Referring now to FIG. 2A, a disc drill bit 201 in accordance with an embodiment of the present invention is shown. Disc drill bit 201 includes a bit body 203 having one or more journals 220, on which one or more discs 205 are rotatably mounted. Referring now to FIG. 2B, an enlarged view of disc drill bit 201 is shown. Disposed on at least one of discs 205 of disc drill bit 201 are a first radial row 207 of cutting elements and a second radial row 209 of cutting elements. First radial row 207 of cutting elements are located closer to an axis of rotation 202 of disc drill bit 201 than second radial row 209 of cutting elements. Thus, extending radially out from axis of rotation 202, first radial row 207 of cutting elements come before second radial row 207 of cutting elements. First radial row 207 of cutting elements and second radial row 209 of cutting elements act together to drill a borehole with a radius at which second radial row 209 of cutting elements extend from the axis of rotation of the disc drill bit. First radial row 207 of cutting elements penetrate into the earth formation to form the bottom of the borehole, and second radial row 209 of cutting elements shear away the earth formation to form the full diameter of the borehole. In this particular embodiment, each cutting element of second radial row 209 is configured into a single cutting structure 211 with a corresponding cutting element of first radial row 207. FIG. 7 shows a similar cutting structure to that of cutting structure 211. Cutting elements of first radial row 207 are arranged about the outside radius of discs 205 such that cutting elements of first radial row 207 are in a compressive configuration. Also, cutting elements of second radial row 209 are disposed on the face of discs 205 such that cutting elements of second radial row 209 are in a shearing configuration.

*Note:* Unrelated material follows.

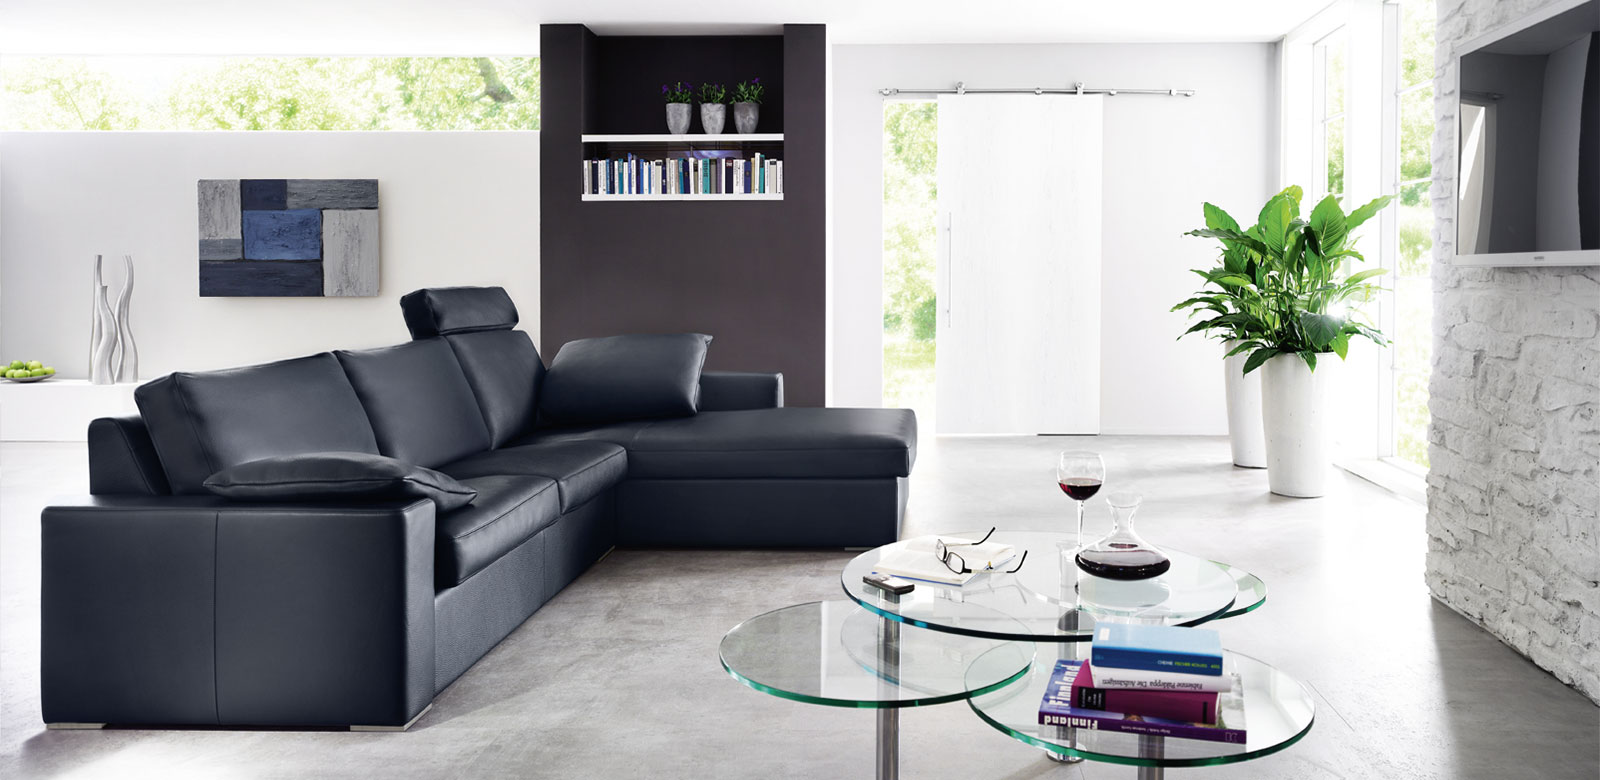 Side view CL150 in black leather as longchair combination with cushions and headrests in modern living room with glass tables.

In some embodiments, cutting elements of the first radial row are oriented in the compressive configuration may be comprised of tungsten carbide, PDC, or other superhard materials, and may be diamond coated. Cutting elements of the first radial row are designed to compress and penetrate the earth formation, and may be of conical or chisel shape. The second radial row cutting elements have PDC as the cutting faces, which contact the earth formation to cut out the borehole. Also, cutting elements of the second radial row are oriented to shear across the earth formation.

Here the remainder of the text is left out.